Europlanet Science Congress 2021
Virtual meeting
13 – 24 September 2021
Europlanet Science Congress 2021
Virtual meeting
13 September – 24 September 2021
EPSC Abstracts
Vol. 15, EPSC2021-412, 2021, updated on 21 Jul 2021
European Planetary Science Congress 2021
© Author(s) 2021. This work is distributed under
the Creative Commons Attribution 4.0 License.

The Degas crater on Mercury: an interesting target for the BepiColombo mission?

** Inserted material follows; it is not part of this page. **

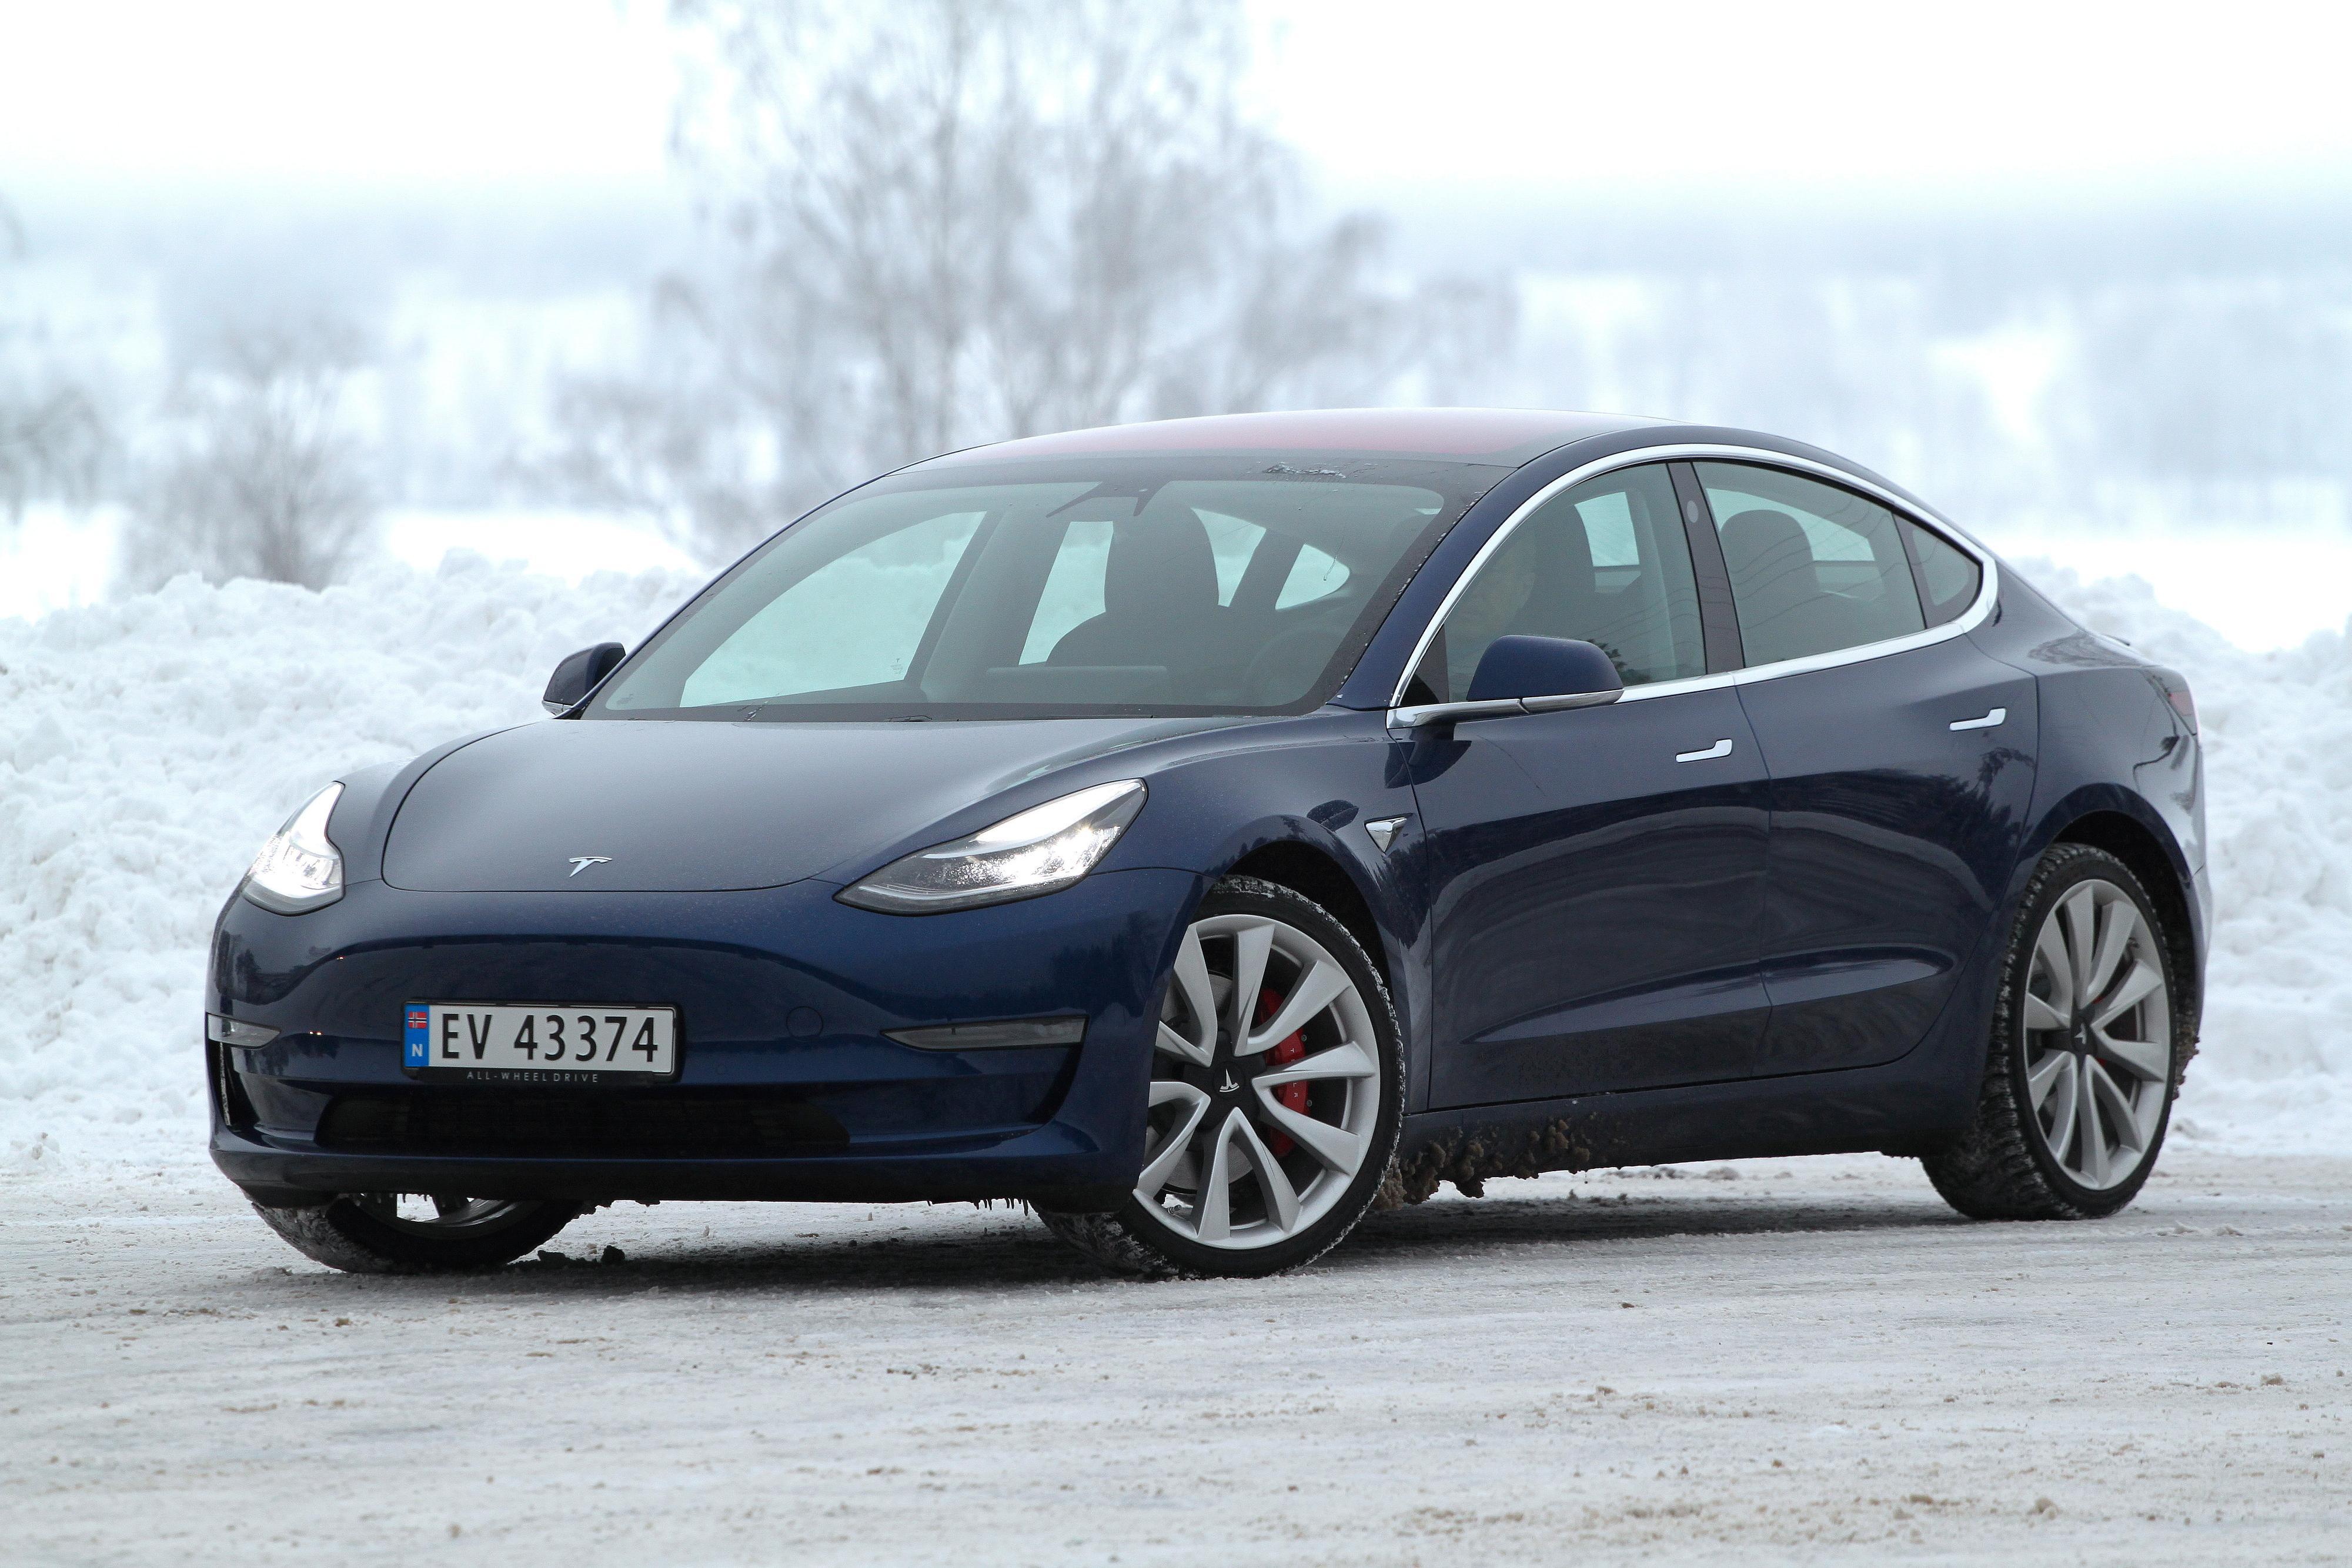 Tesla setter ned prisen på Model 3 Standard Range Plus med 50.000 kroner. Fremover vil den koste 364.000 kroner inkludert levering.
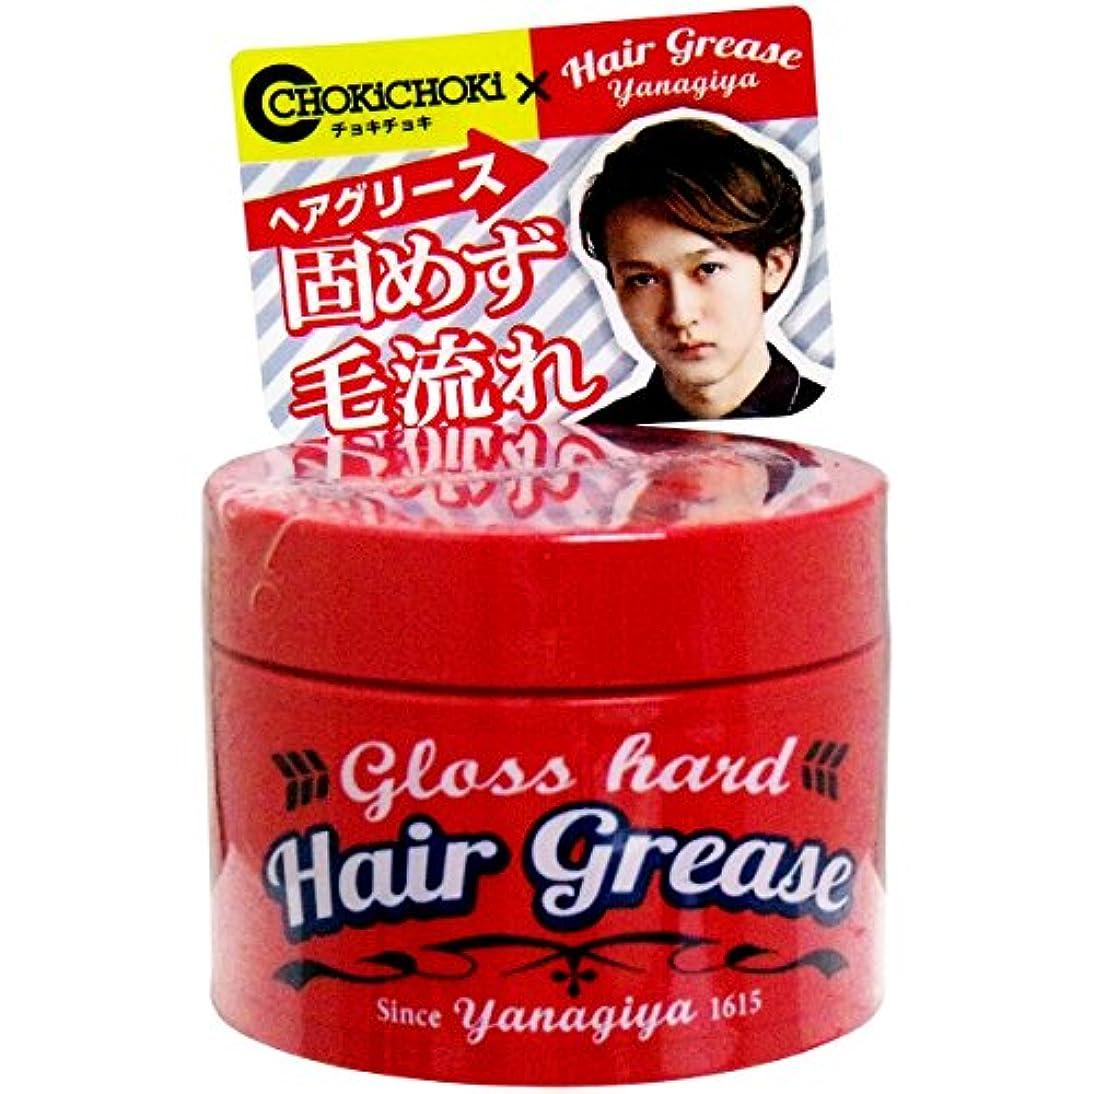 パン屋蜜何ヘアワックス 固めず毛流れ 使いやすい YANAGIYA ヘアグリース グロスハード 90g入【2個セット】

Nicolas Bott1, Océane Barraud2, and Laura Guzzetta3
Nicolas Bott et al.
  • 1INAF – Osservatorio Astronomico di Roma, Monte Porzio Catone, Italy (
  • 2LESIA, Observatoire de Paris, Université PSL, CNRS, Université de Paris, Sorbonne Université, Meudon, France
  • 3INAF – Istituto di Astrofisica e Planetologia Spaziali, Rome, Italy

1. Introduction

Launched on October 19th, 2018 (local time) towards Mercury, the BepiColombo spacecraft carries 16 instruments onboard the MPO and MMO orbiters. The SIMBIO-SYS (Spectrometer and Imagers for MPO BepiColombo Integrated Observatory SYStem) instrument [1] will image the surface of the innermost planet of the Solar system at unprecedented high spatial and spectral resolutions. SIMBIO-SYS is composed of 3 channels: STC (STereo Channel), a stereo camera; HRIC (High spatial Resolution Imaging Channel), a multispectral camera with a very high spatial resolution; and VIHI (Visible Infrared Hyperspectral Imager channel), a hyperspectral imager characterized by high spectral resolution and signal-to-noise ratio. The establishment of the target list for SIMBIO-SYS is underway. Therefore, studying potential targets of interest can be very useful to support their selection.

2. Data and methods

Here, we analyse the Degas crater, localized in the Shakespeare quadrangle (H-03) [2,3], hence at mid-latitudes of the northern hemisphere of Mercury (37.08°N, 232.66°E). Degas has been classified as a Kuiperian (-1 Gyr – today) crater [4] notably because of its well-preserved ray system of ejecta. We used MESSENGER data to investigate this crater with a three-fold approch: a multispectral analysis based on MDIS-WAC (Mercury Dual Imaging System-Wide Angle Camera) images have been combined with a spectroscopic analysis of MASCS (Mercury Atmospheric and Surface Composition Spectrometer) spectra and a geological analysis based on MDIS-NAC (Mercury Dual Imaging System-Narrow Angle Camera) images.

3. Preliminary results
3.1. Multispectral analysis

Using the MDIS-WAC images at the best spatial resolution available (95-250 m/pixel) and the Integrated Software for Imagers and Spectrometers (ISIS), we produced three color mosaics: an 11-bands mosaic to use all the multispectral information available with MDIS, an 8-bands mosaic to cover a wider area around the crater and study its surroundings (Figure 1), and a 3-bands mosaic with the best spatial resolution achievable (95 m/pixel).

We also produced two high-resolution monochrome mosaics using MDIS-NAC images on which geological analysis was performed (see Section 3.3).

A Principal Component Analysis (PCA) was applied to the 11-bands mosaic. The enhanced color image obtained using PC1 and PC2 reveals an asymmetric distribution of LRM (Low Reflectance Material) [5] around the crater, which suggests an oblique impact. Finally, a K-mean clustering highlights 4 spectral units: the blue deposit on the crater floor, the floor not covered by this deposit, the LRM surrounding Degas and the ejecta blankets. Close spectral properties between hollows and the blue deposit on the floor of Degas are also evidenced.

3.2. Spectroscopic analysis

MASCS spectra have been extracted from the four multispectral units (Figure 2).